GE has launched a new GE Additive business to accelerate additive manufacturing across GE and for its customers. Earlier this week, GE announced that it recently closed deals to acquire a majority stake in Concept Laser GmbH and Arcam AB, two of the industry’s leading global additive manufacturing equipment businesses. With these two acquisitions, the company plans to grow its additive business to reach $1 billion in revenue by 2020 and become a leading supplier of additive machines, materials and software. The new business will not only serve GE’s industrial businesses — it will serve customers in other industries as well, including aerospace, tooling and automotive sectors.


Top image: The LEAP is the world’s first jet engine with 3D-printed fuel nozzles. It can be connected to the IIoT. Image credit: Adam Senatori for GE Reports. Above: The sand binder jetting machine at GE’s Center for Additive Technologies Advancement (CATA) uses a chemical binder to print casting molds from layers of fine sand, each 280 microns thick. Image credit: Chris New for GE Reports



GE has taken steps to sharpen its focus on its digital industrial side by continuing its sale of GE Capital assets. Since the April 2015 announcement to sell most of GE Capital, the business has repositioned itself ahead of schedule. To date, $195 billion of GE Capital asset sales have been signed, and $188 billion have been closed, Immelt said. The “new” GE Capital also achieved de-designation as a systemically important financial institution in the U.S. and plans to exit European regulation by 2017.
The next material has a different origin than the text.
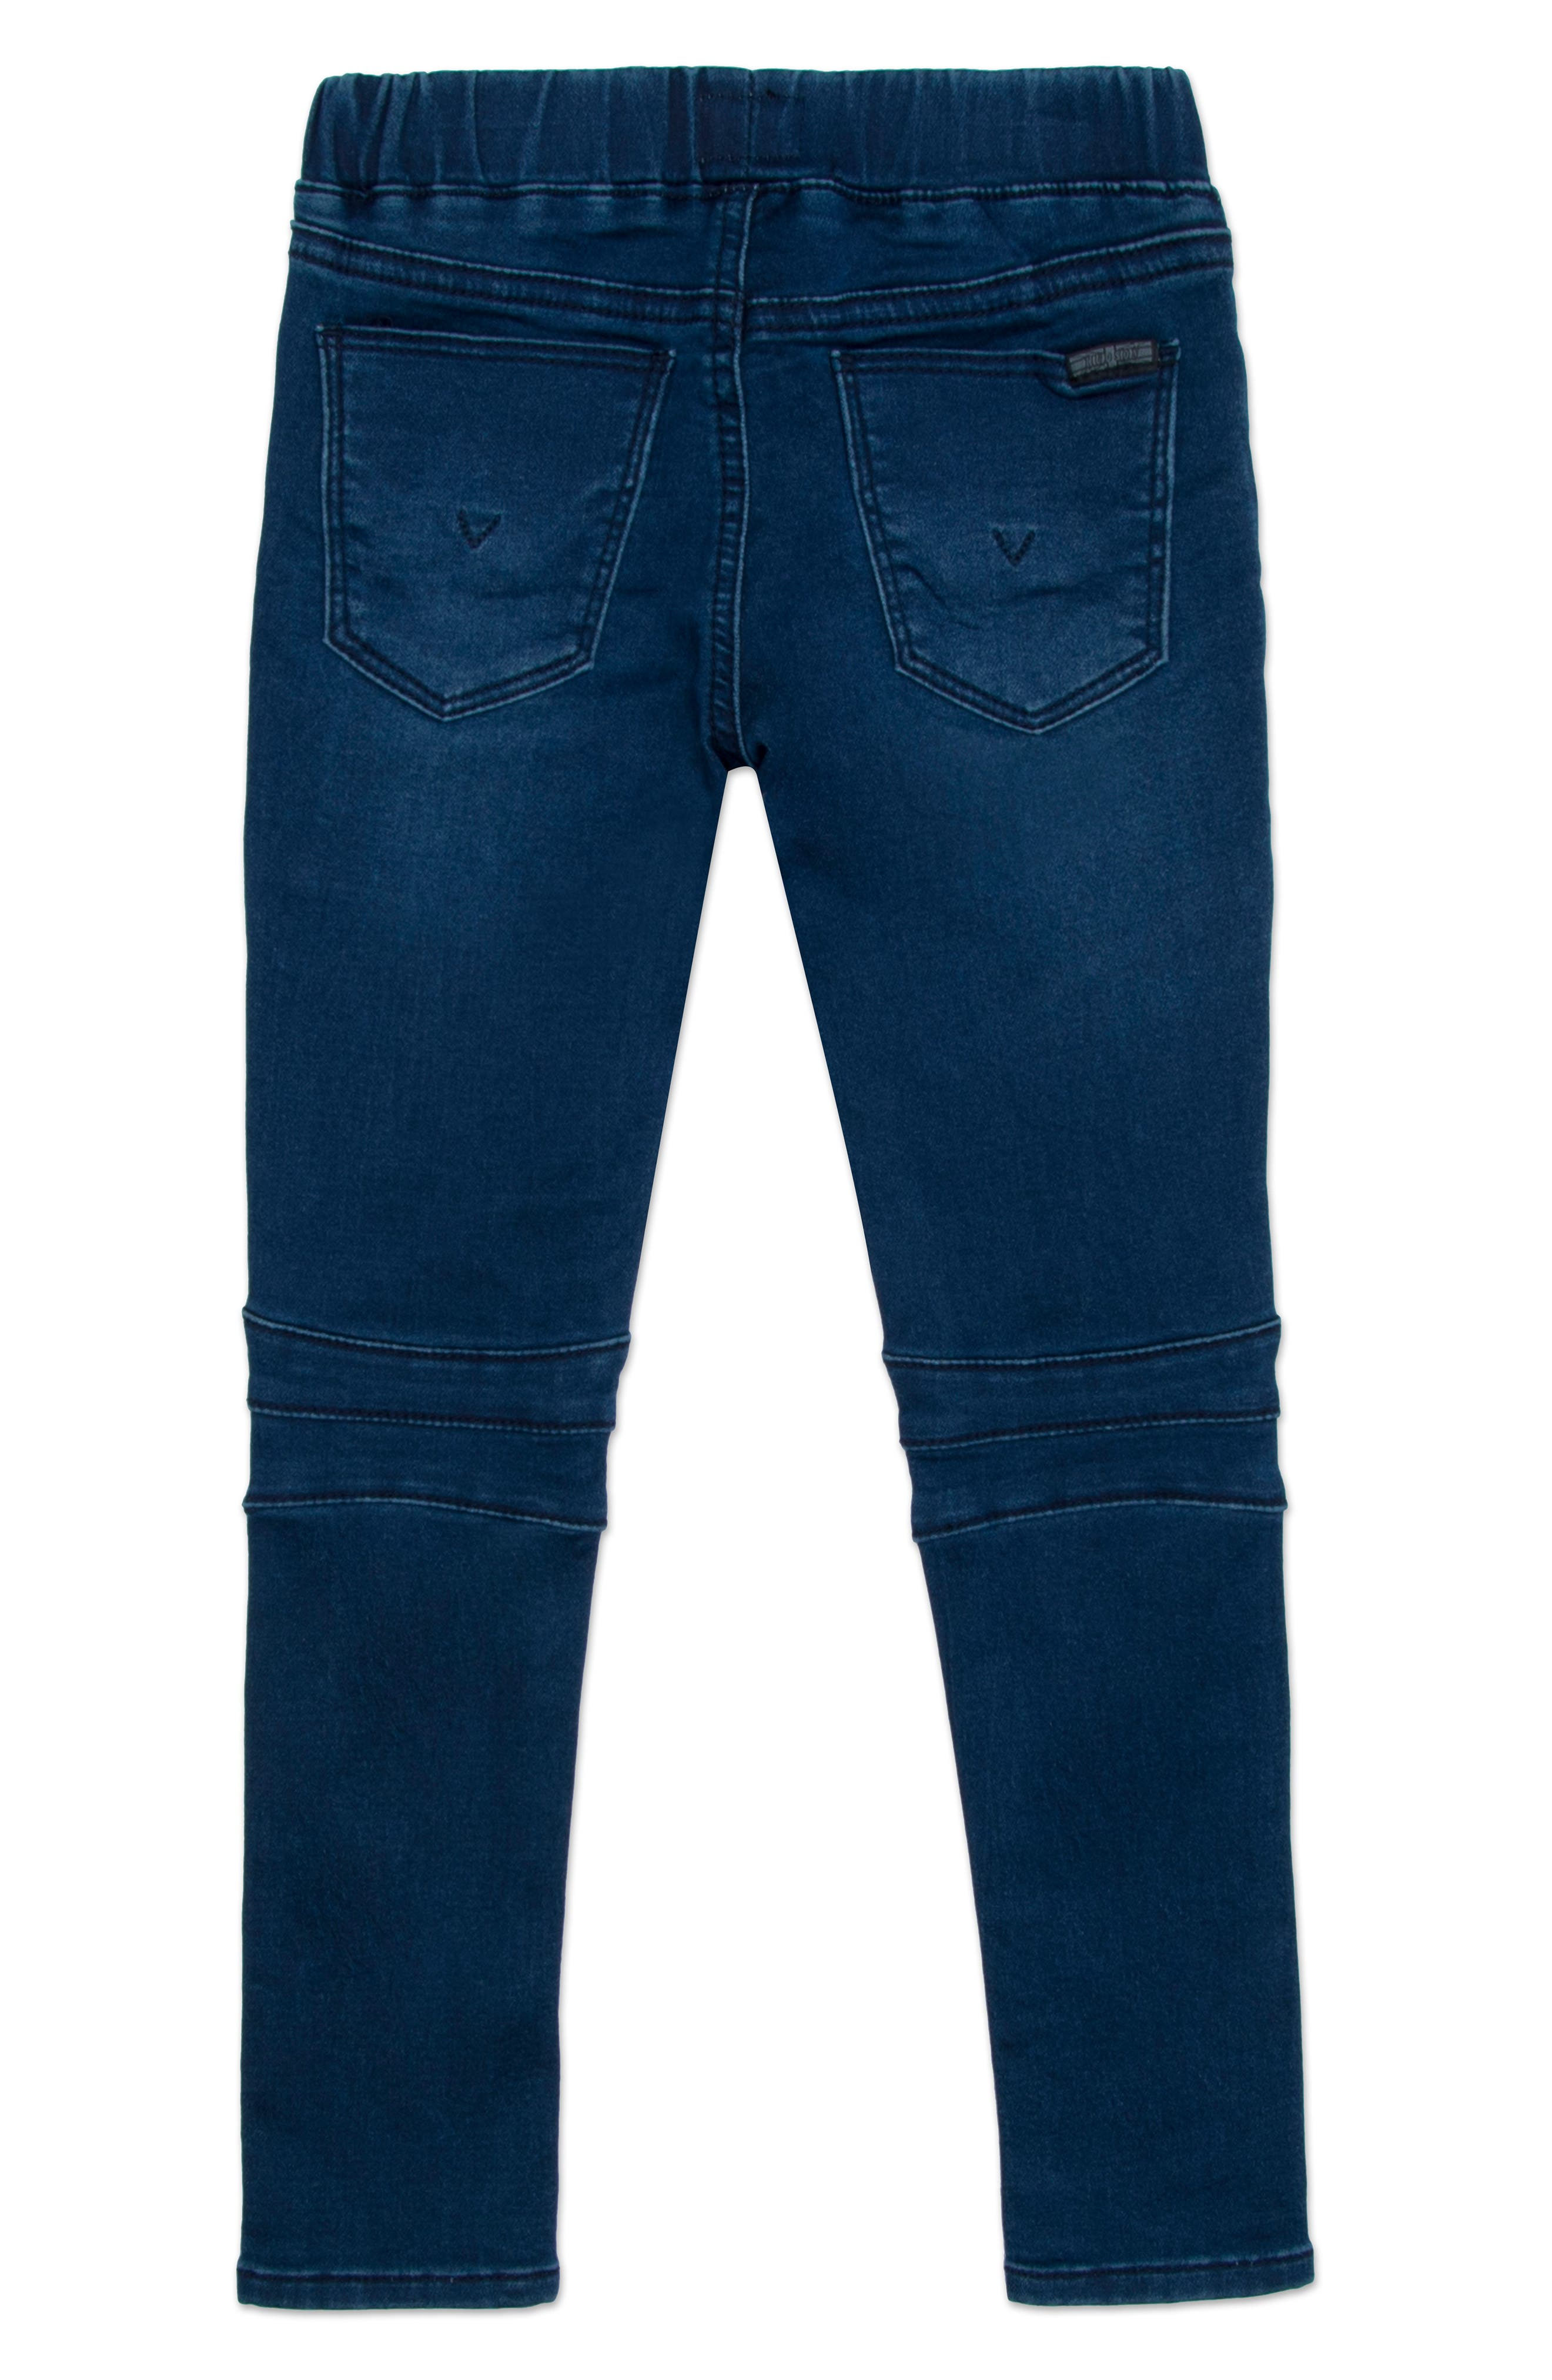 Moto Skinny Jeans,                             Alternate thumbnail 2, color,                             Nile

Today, Immelt reaffirmed the company’s 2016 operating framework. For 2017, GE forecasts stronger organic growth in comparison to other industrial companies, targeting 3-5 percent. The company set a goal of $1.60 to $1.70 earnings per share (EPS) for the year, with $16 billion to $20 billion of operating cash flow. GE expects to return $19 billion to $21 billion to investors through dividends and buybacks over the course of the year.

The company re-emphasized its EPS goal of $2 by 2018. As oil- and gas-related markets continue to face challenges, GE has announced new acquisitions, additional stock buybacks and a new cost-savings plan over the next two years to drive earnings growth and achieve its $2 EPS target.